Familial Gastric Cancer Study
The Familial Gastric Cancer Study was set up in 1997 by Professor Carlos Caldas originally to collect information and blood samples from families with clustered cases of gastric cancer in the UK.
Current study aims:
- Identify those families who fit the criteria for Hereditary Diffuse Gastric Cancer (HDGC and provide long-term follow-up of CDH1 positive mutation carriers. Also, to search for new genes in those families where no CDH1 mutations are found.
- Collect detailed information (clinical, psychological and molecular) on individuals undergoing clinical testing for mutations in order to assess the implications of testing, surveillance and risk-reducing surgery on these individuals. This is done using Quality of Life questionnaires
- Determine the most effective form of endoscopic surveillance in individuals at high risk of stomach cancer.. An endoscopy protocol has been developed using a Trimodal imaging technique in order to try to detect micro foci of gastric cancer.
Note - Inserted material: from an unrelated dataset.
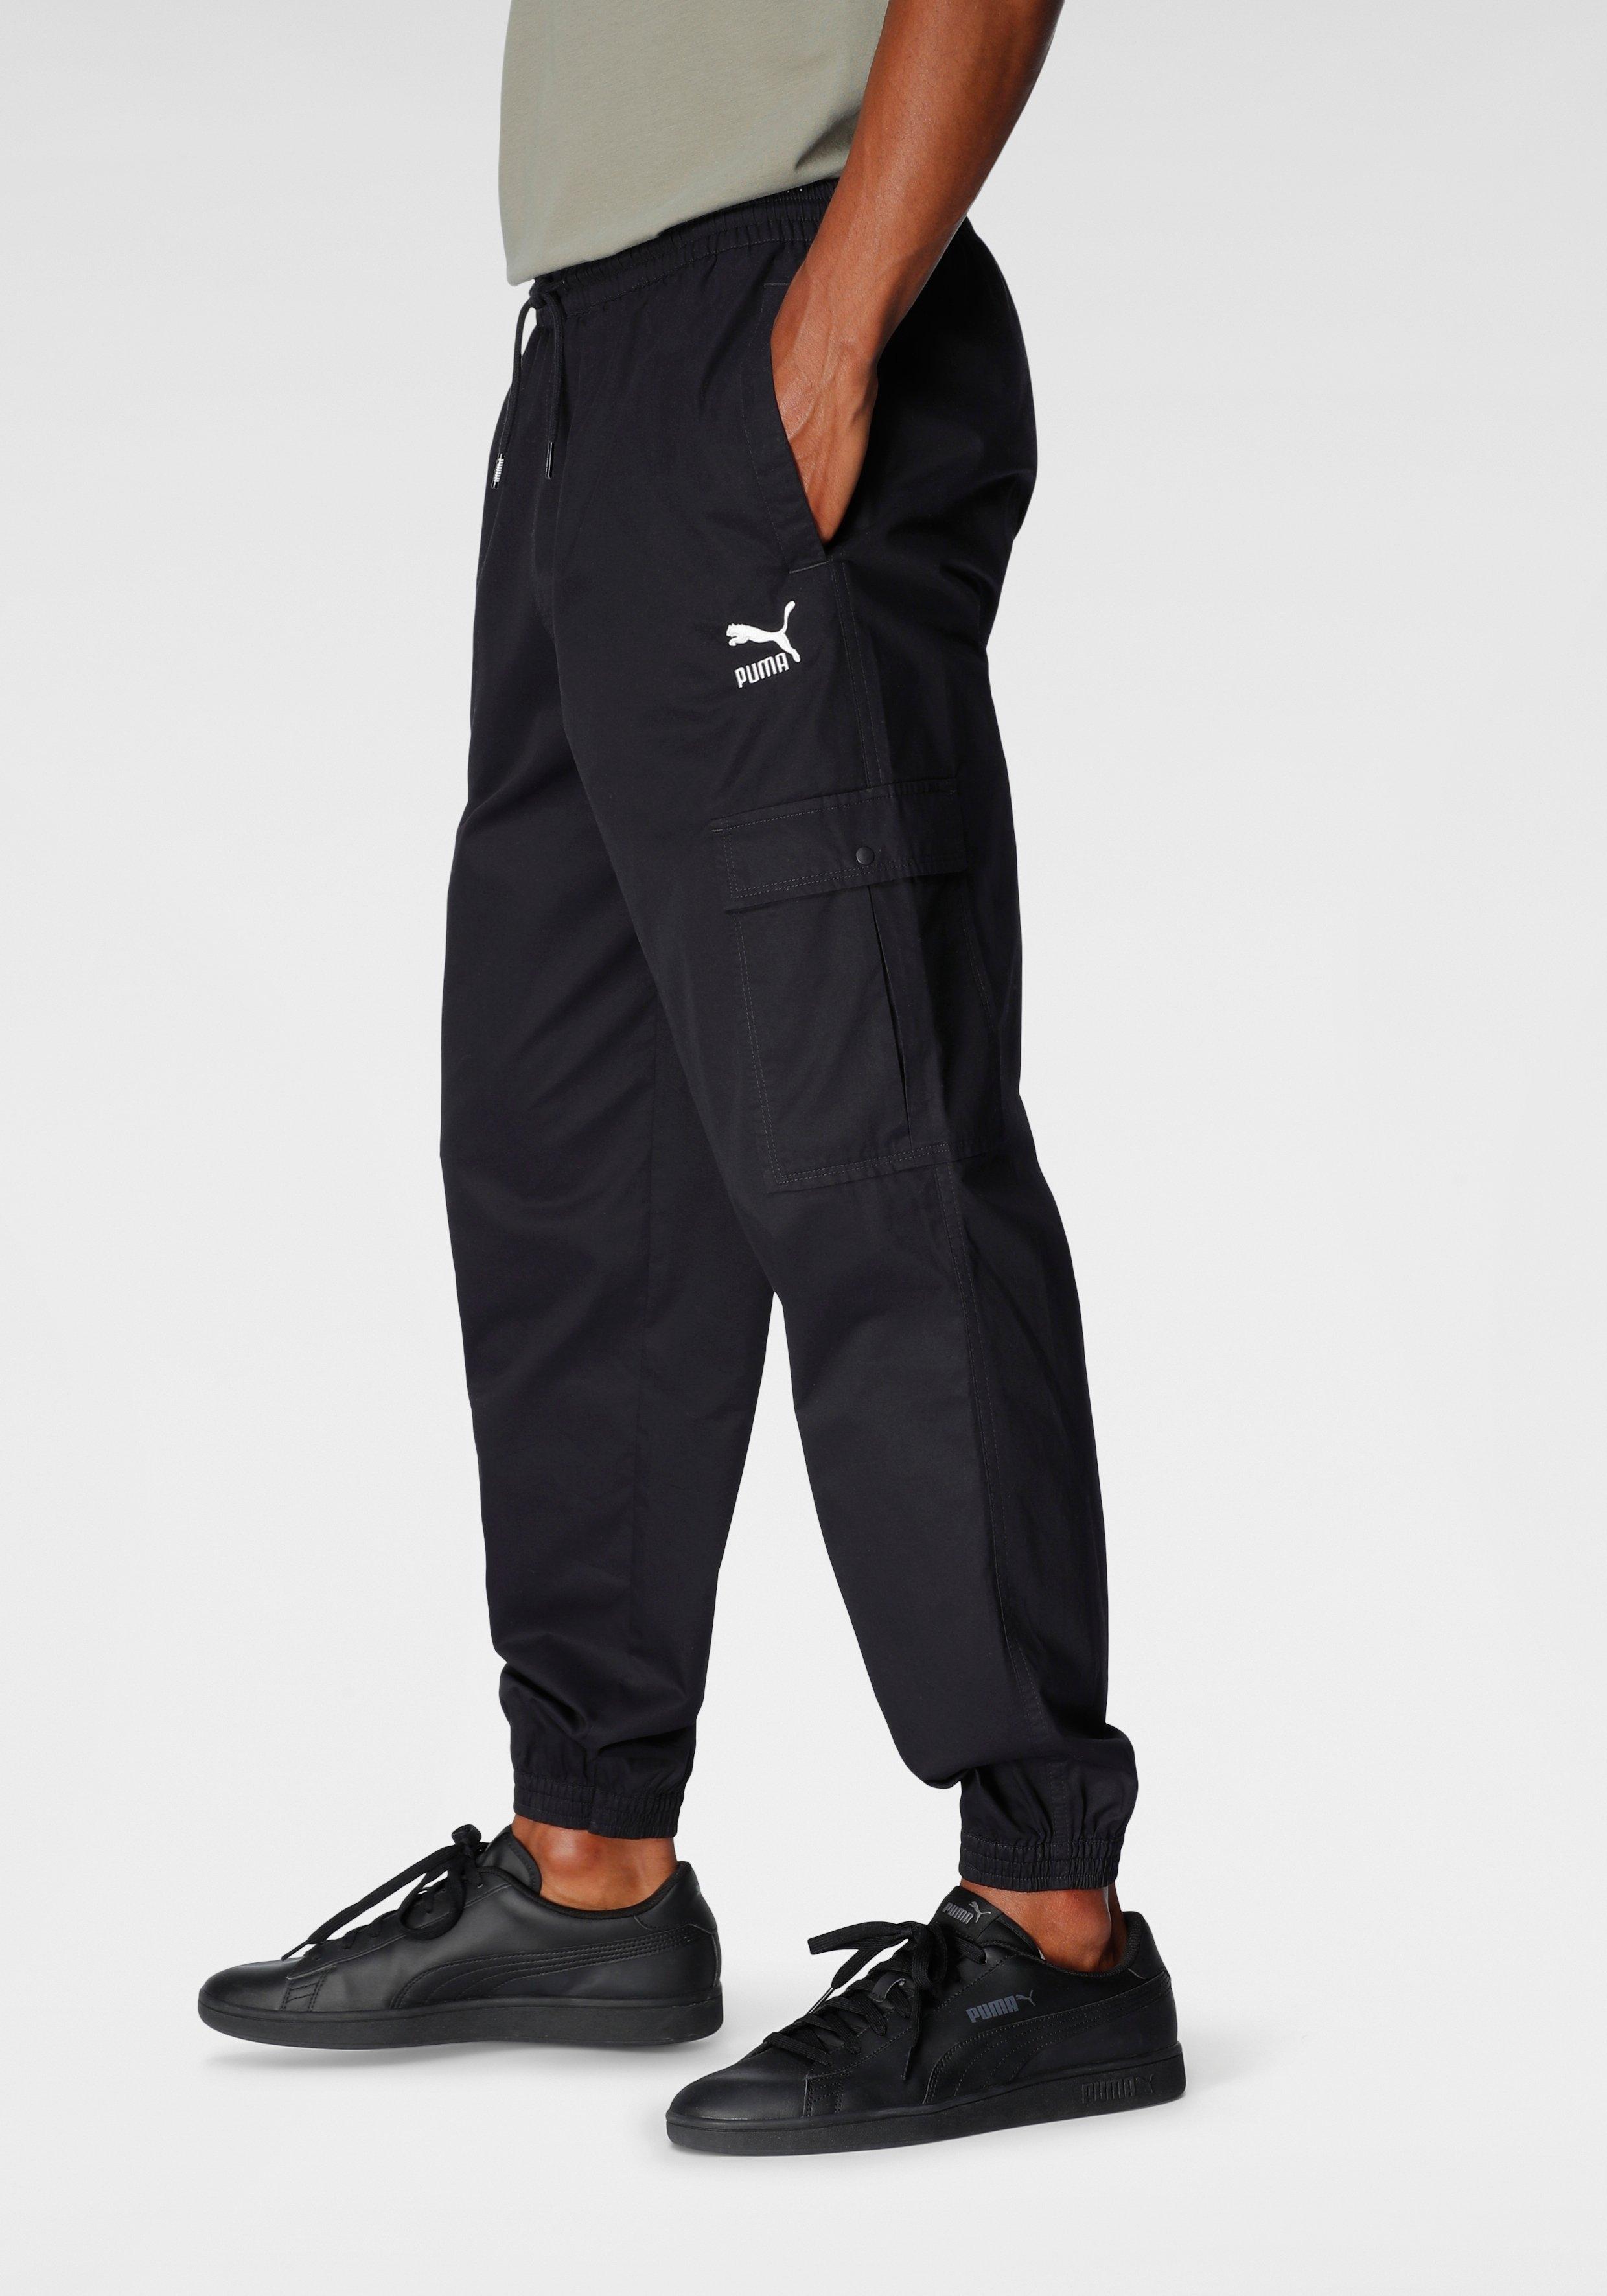 PUMA joggingbroek Classics Cotton Twill Jogger goedkoop op otto.nl kopen

- Information is being gathered to determine the general health consequences of gastrectomy and we hope to expand this area in the future.
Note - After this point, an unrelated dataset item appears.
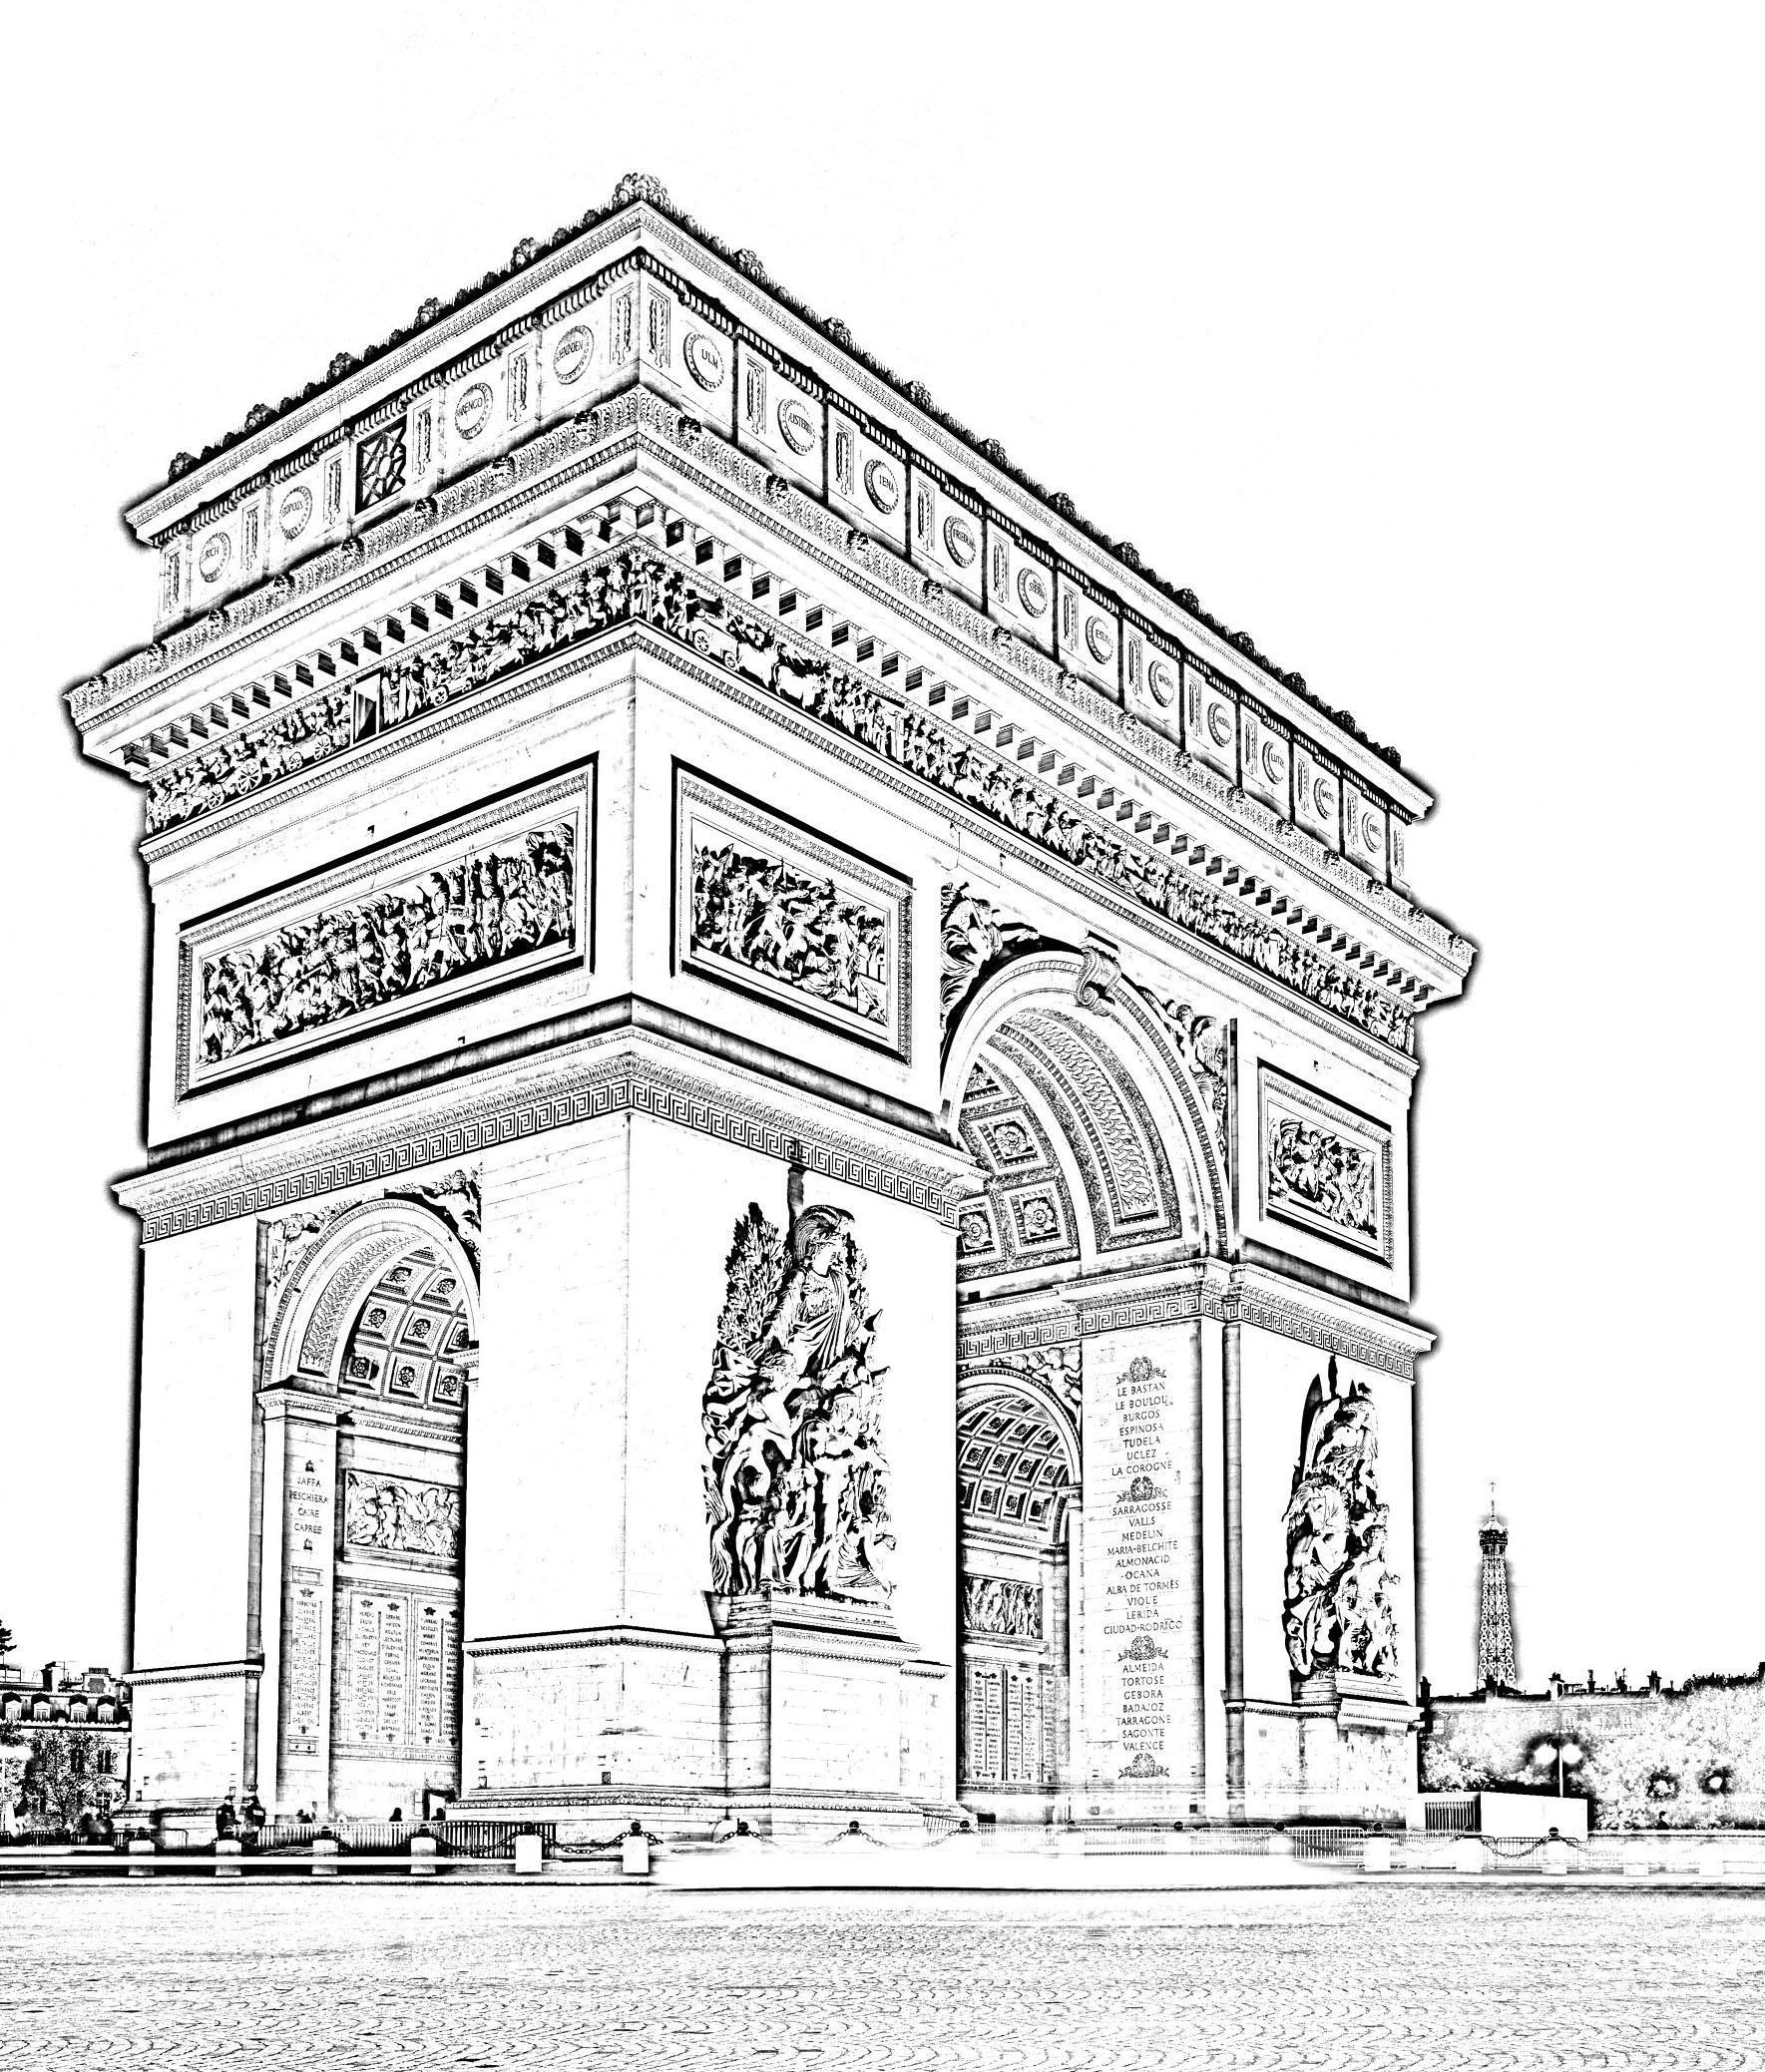 Disegni da colorare per adulti : Paris - 14

Hereditary Diffuse Gastric Cancer Registry
A few people taking part in the study will have an alteration (mutation) in a gene called CDH-1. We would like to gather more information from them about their own family mutations and data from quality of Life Questionnaires (QOL) which will be held on the research data register in Cambridge. QOL questionnaires will be to participants at regular intervals e.g.following genetic testing, endoscopic screening and before/after surgery and will help us to measure the impact of screening and surgery including morbidity, quality of life and the psychological effects of surgery.